Pettit’s successful capture of the Dragon was greeted by cheers at both SpaceX’s Hawthorne headquarters and NASA’s mission control in Houston. For both SpaceX and NASA the capture moment marks the beginning of a shift in how cargo will be delivered to and from the space station, with the eventual goal of changing how manned flight itself is done to low Earth orbit.

But Dragon’s overnight approach was not without hiccups, demonstrating the true test-flight nature of the mission. A problem with the devices used to guide the Dragon as it approached the station forced an initial retreat. In the end there were a handful of changes made to the initial flight plan, but at 6:49 a.m.
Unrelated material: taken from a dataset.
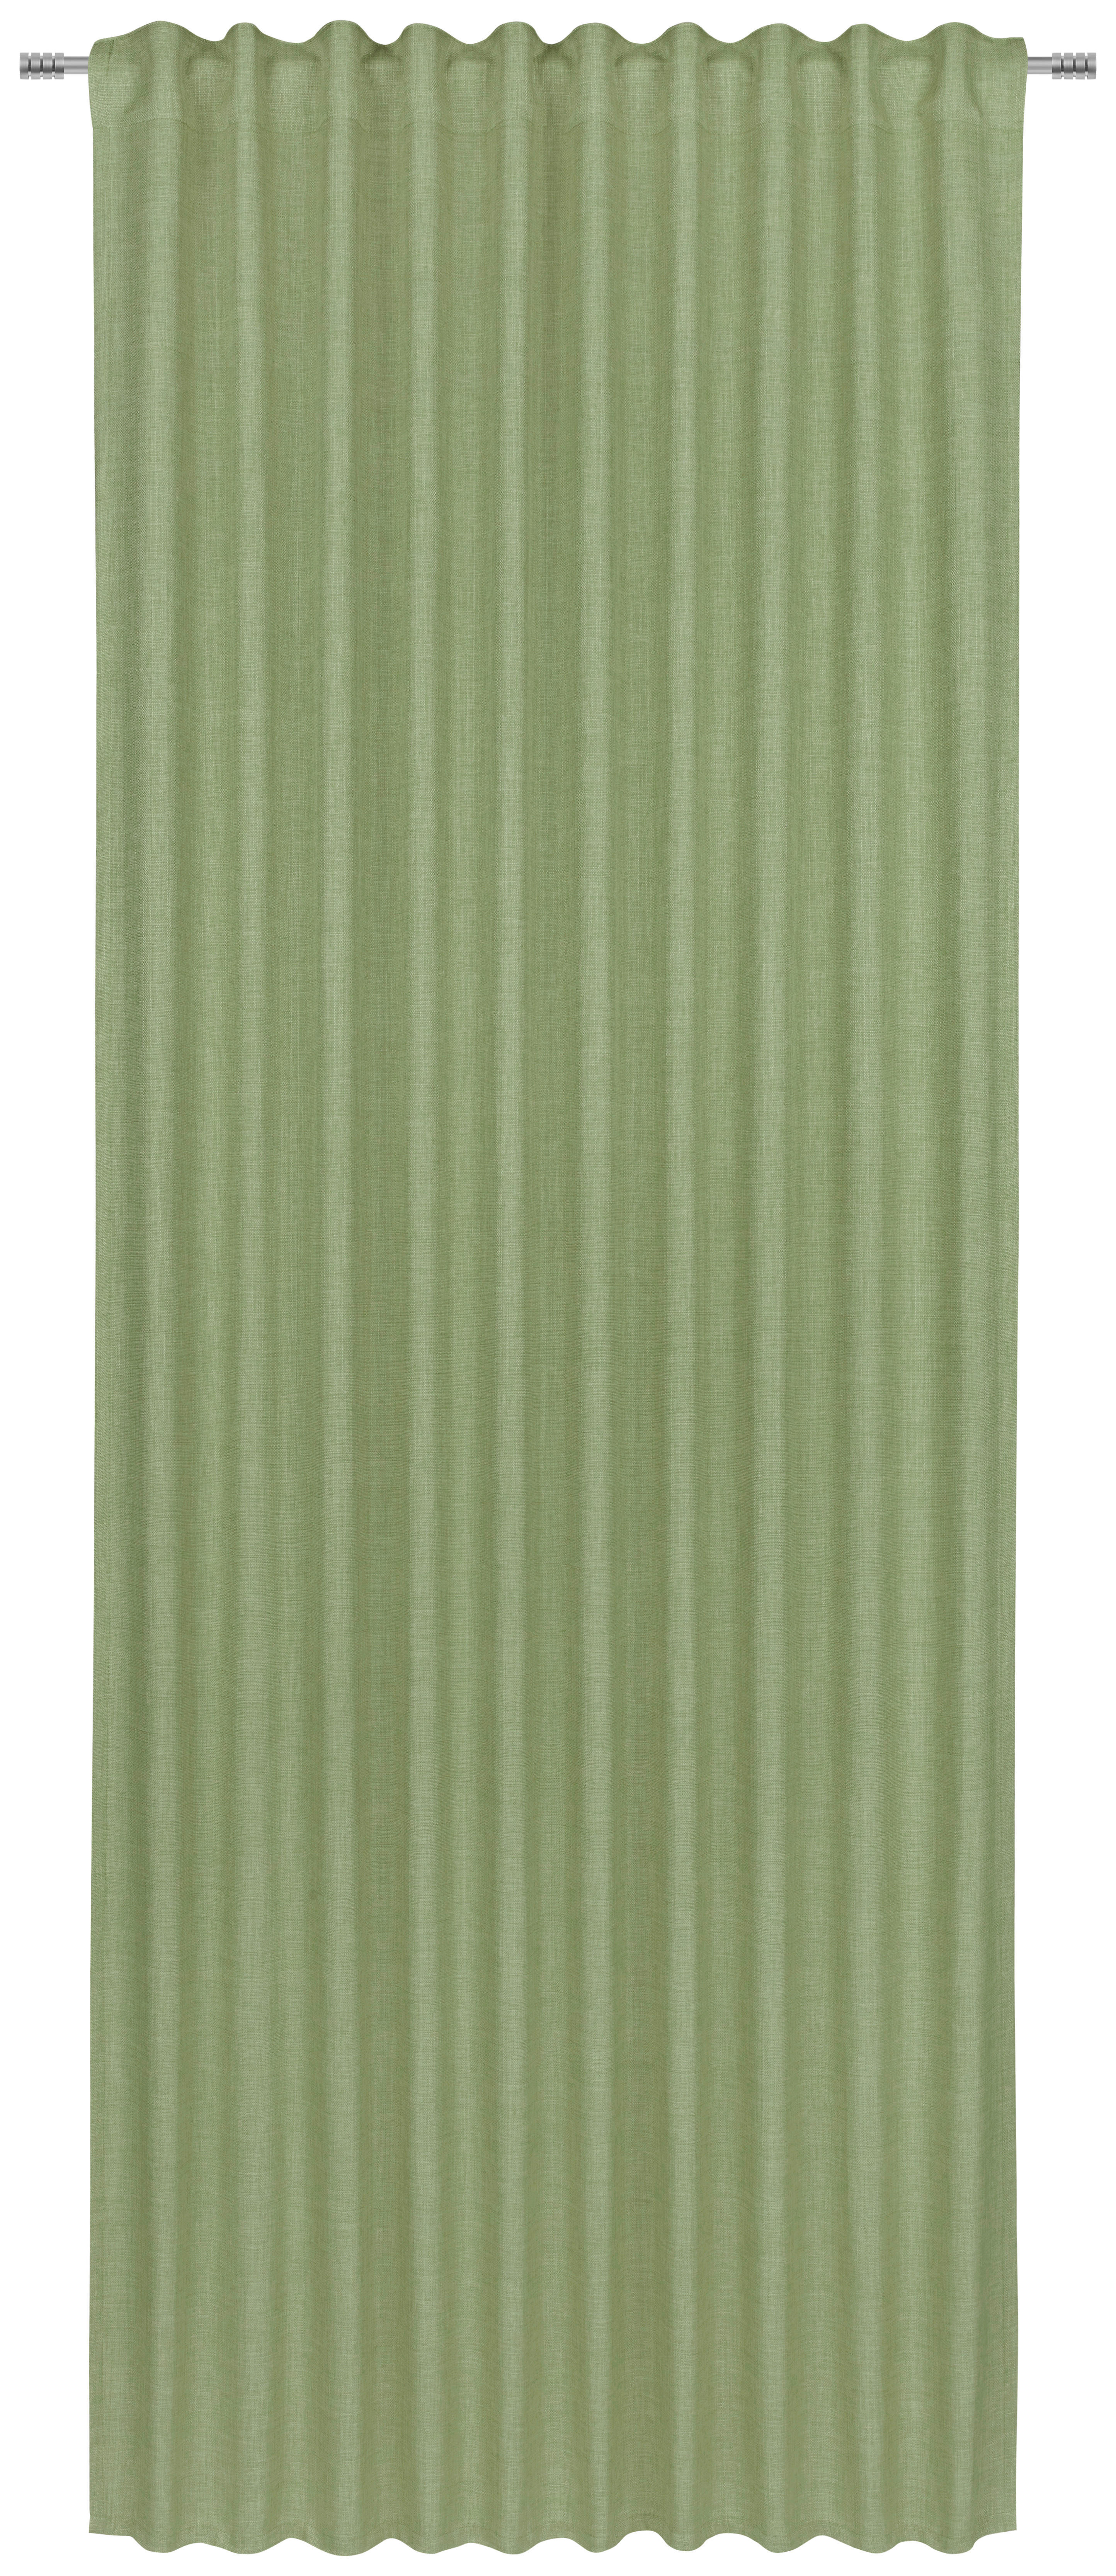 KÉSZFÜGGÖNY Részben fényzáró  - Zöld, Basics, Textil (140/245cm) - Boxxx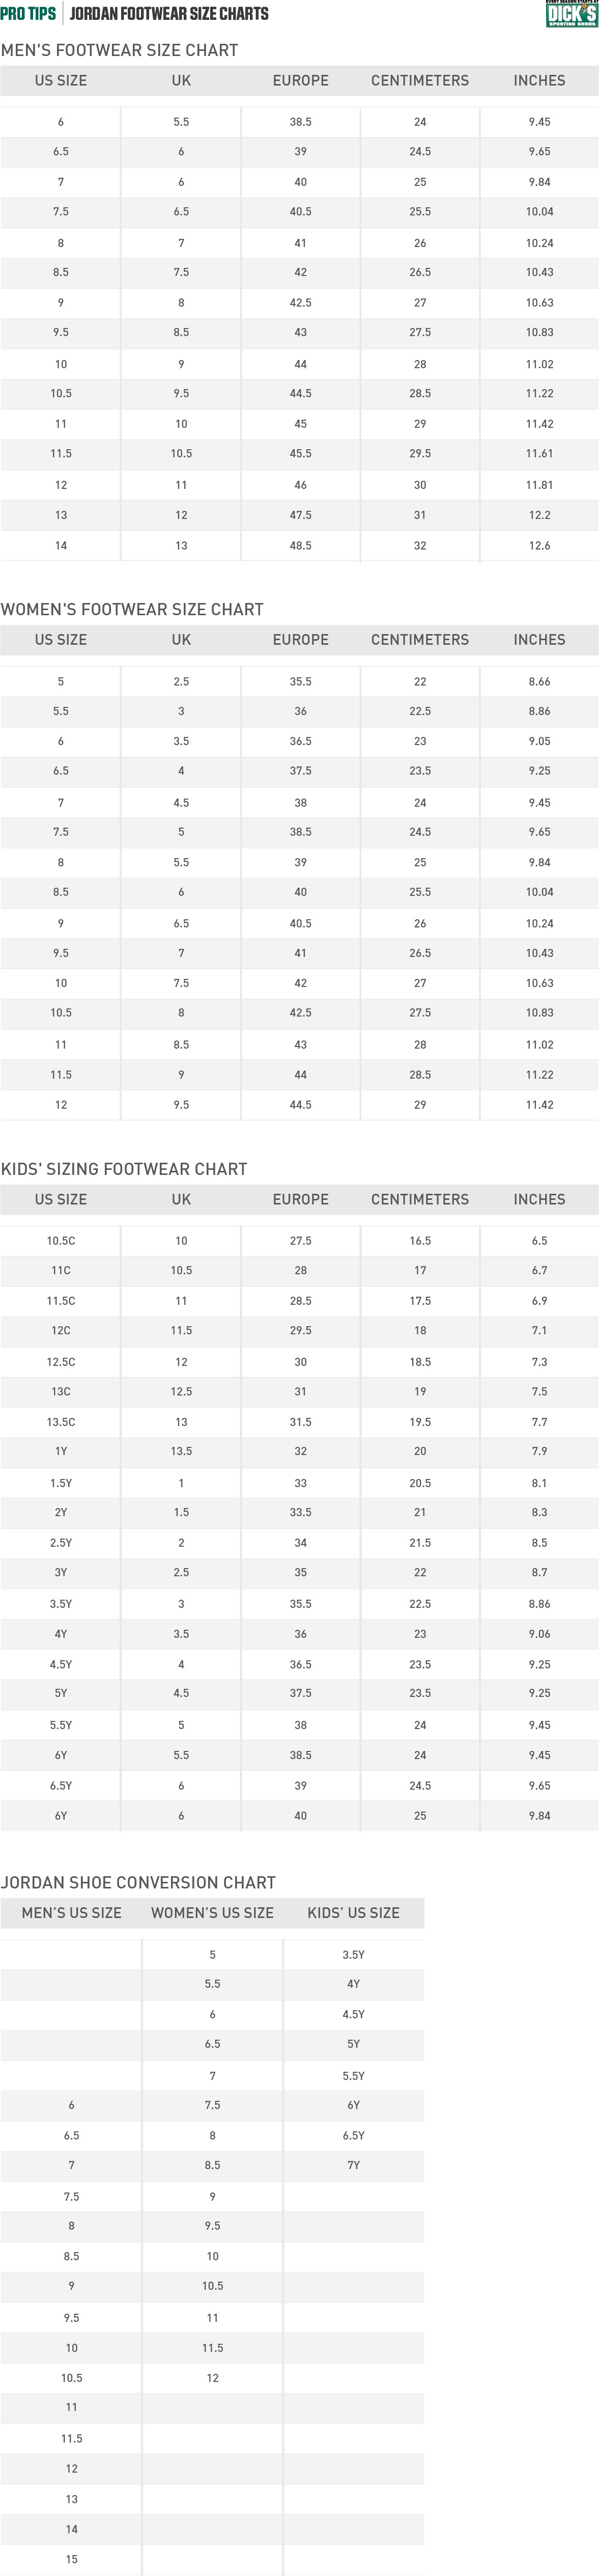 Nike® Jordan Footwear Size Charts PRO TIPS by DICK'S

PDT, the Dragon sat just 10 meters (32 feet) from the ISS when NASA flight director Holly Ridings gave the command SpaceX had been waiting years to hear: “go for capture.”

Early Friday morning the SpaceX team in Hawthorne completed the approach initiation burn of the Dragon’s Draco thrusters to move the spacecraft roughly 1,000 meters to a point where it could change its alignment relative to the station before performing the first series of demonstration maneuvers close to the ISS. The Dragon spacecraft could be seen on Earth by its flashing strobe light against the night sky.

Once in place at 350 meters, Dragon completed a 180-degree yaw rotation to align itself, and then another short burn was performed to move to the 250-meter point where the demonstrations would begin.

At 2:29 a.m. PDT, the SpaceX team confirmed Dragon was holding at 250 meters (820 feet), but Andre Kuipers, the Dutch astronaut on board the station, noticed the spacecraft was slightly forward of where it was expected to be. NASA engineers in Houston said the position was acceptable.